## [Collected material]

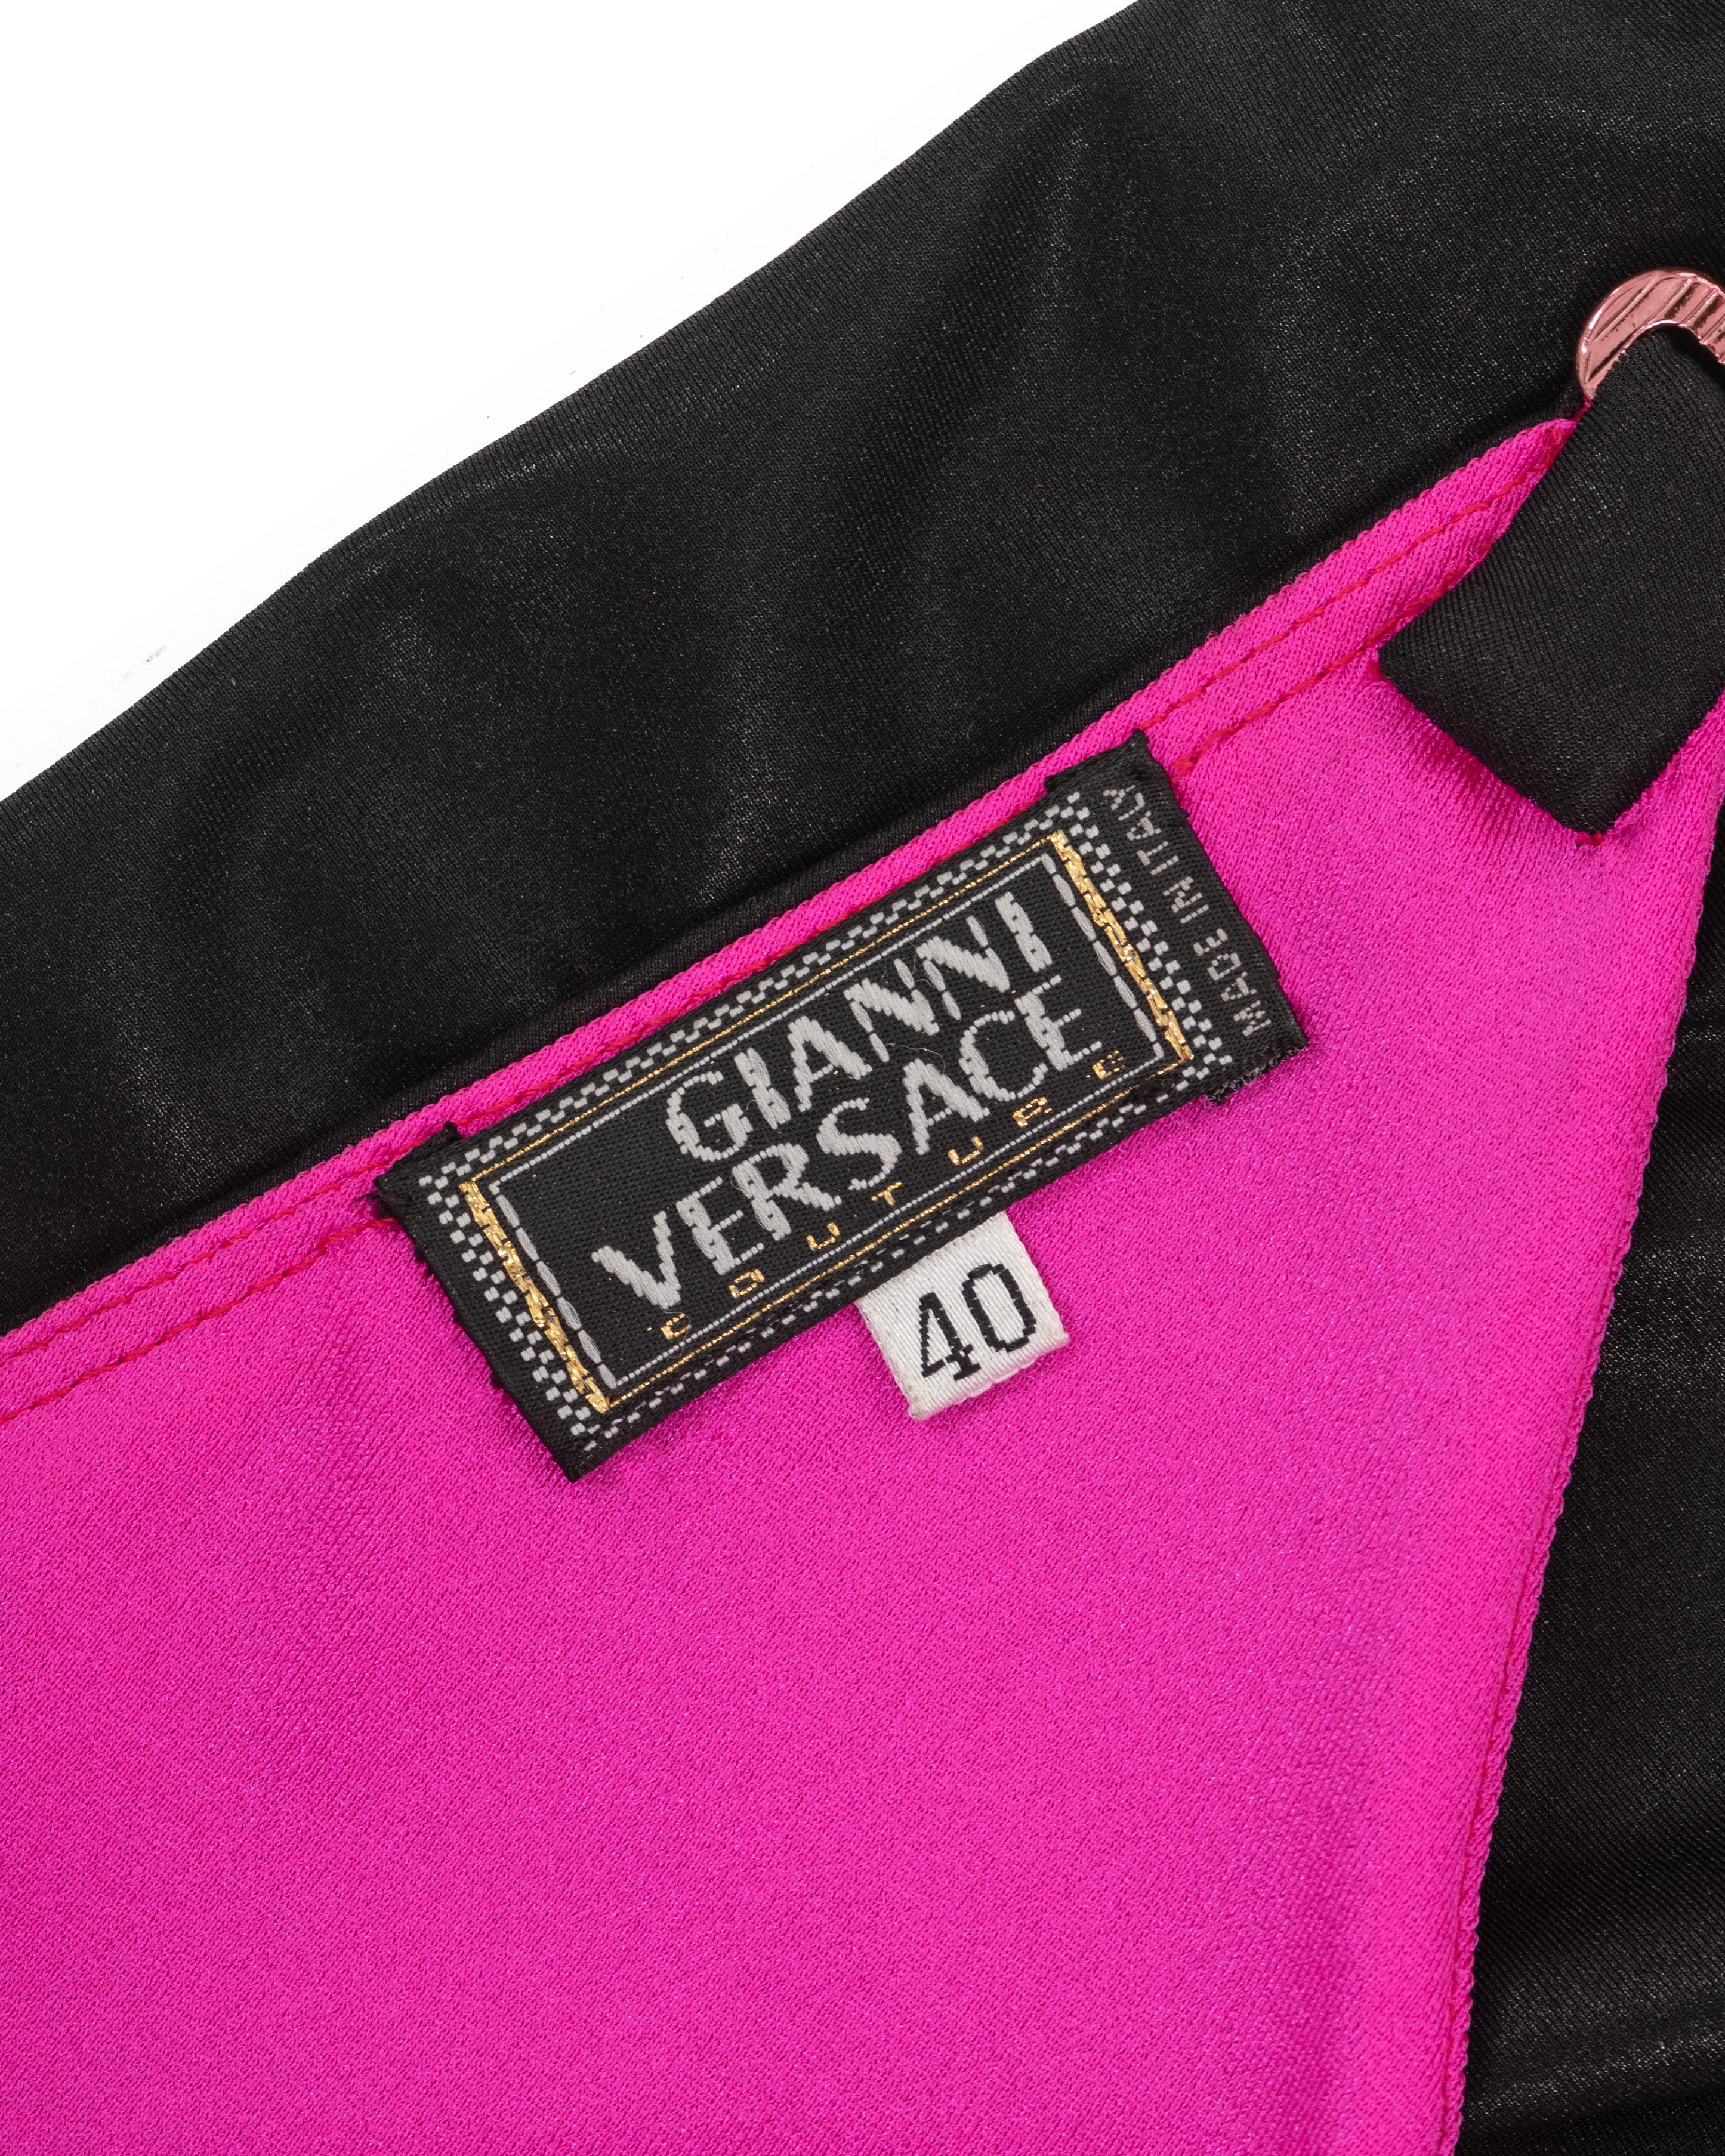 Gianni Versace black wet-look strapless evening dress with cut outs, ss 1998 For Sale 13
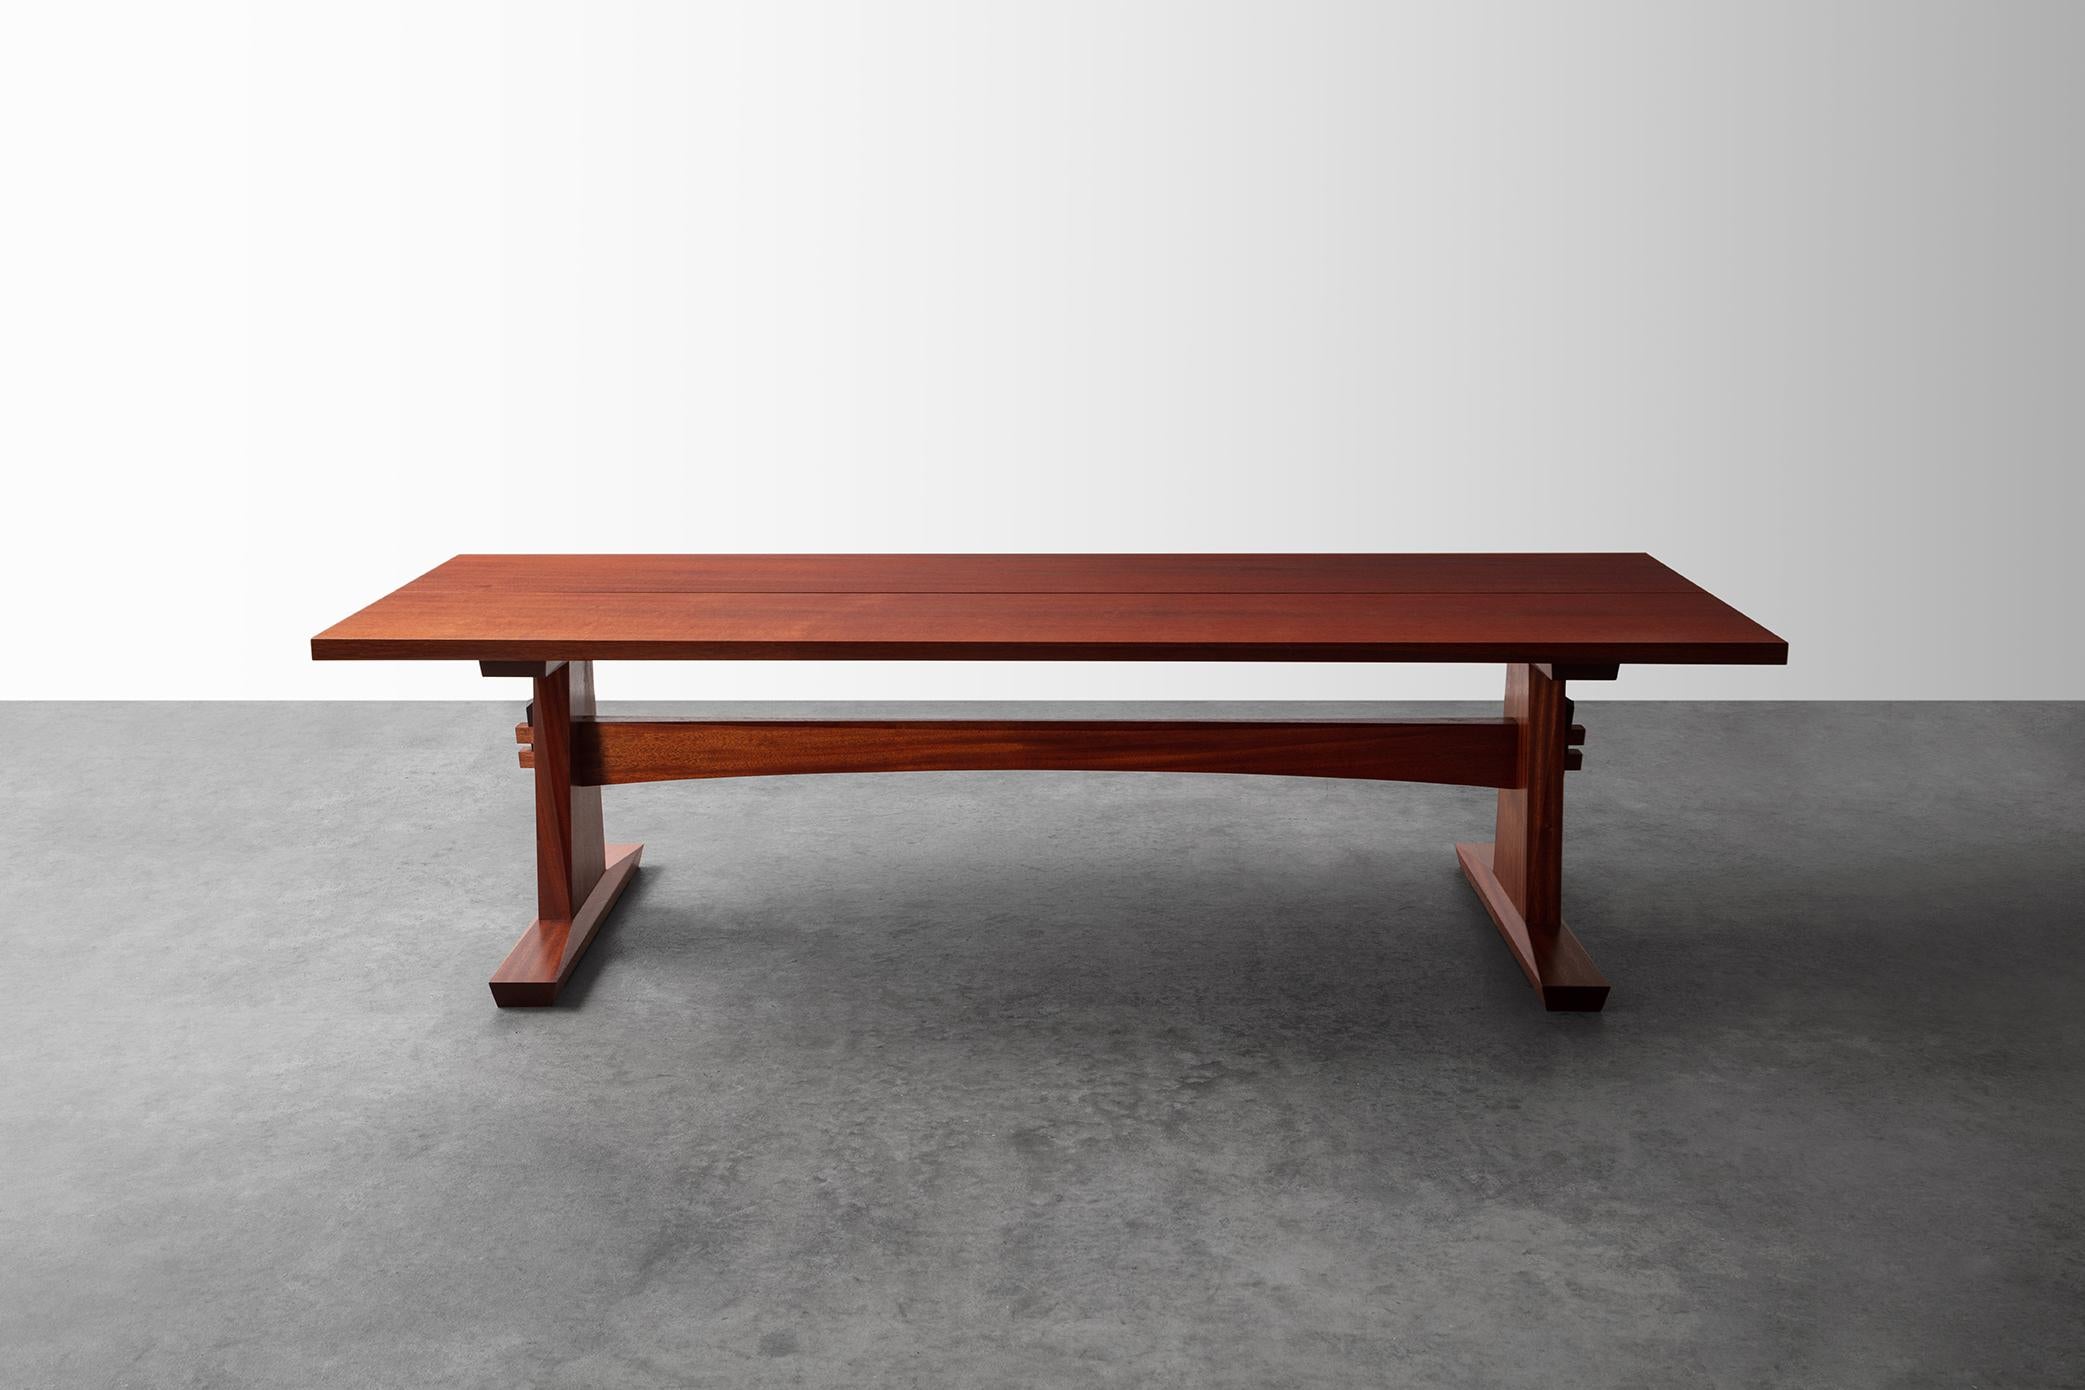 This striking Coffee Table, with it's trestle base and traditional joinery is unlike much of Richard's work. This piece, made of salvaged Sappelle, is both beautiful and sturdy. The hand-cut joinery of the trestle base is accentuated with a pair of
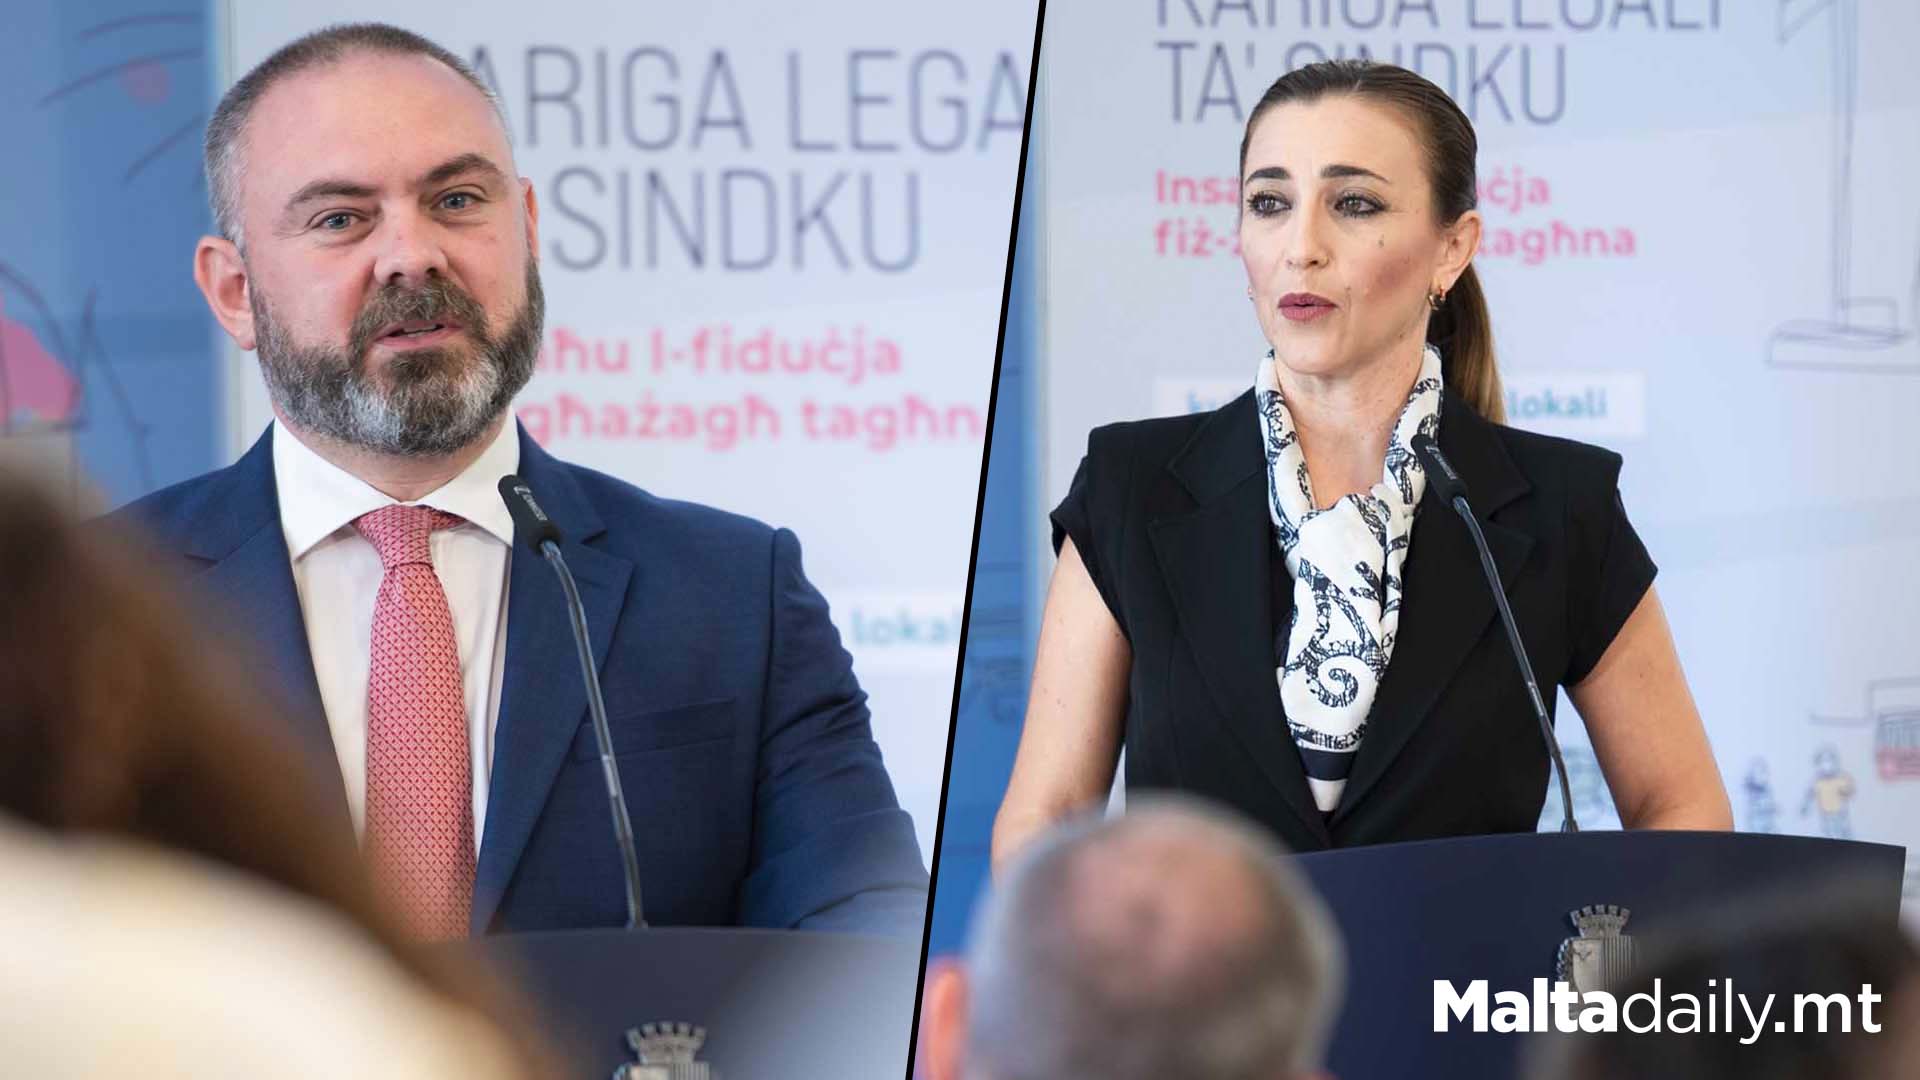 Malta Could Soon Have 16 Or 17 Year Old Mayors

## [Exercise details]
Once the pictures are set aside, give the rest of the listing again exactly.

## [Response below]
 Gianni Versace black wet-look strapless evening dress with cut outs, ss 1998 For Sale 13
 This striking Coffee Table, with it's trestle base and traditional joinery is unlike much of Richard's work. This piece, made of salvaged Sappelle, is both beautiful and sturdy. The hand-cut joinery of the trestle base is accentuated with a pair of
 Malta Could Soon Have 16 Or 17 Year Old Mayors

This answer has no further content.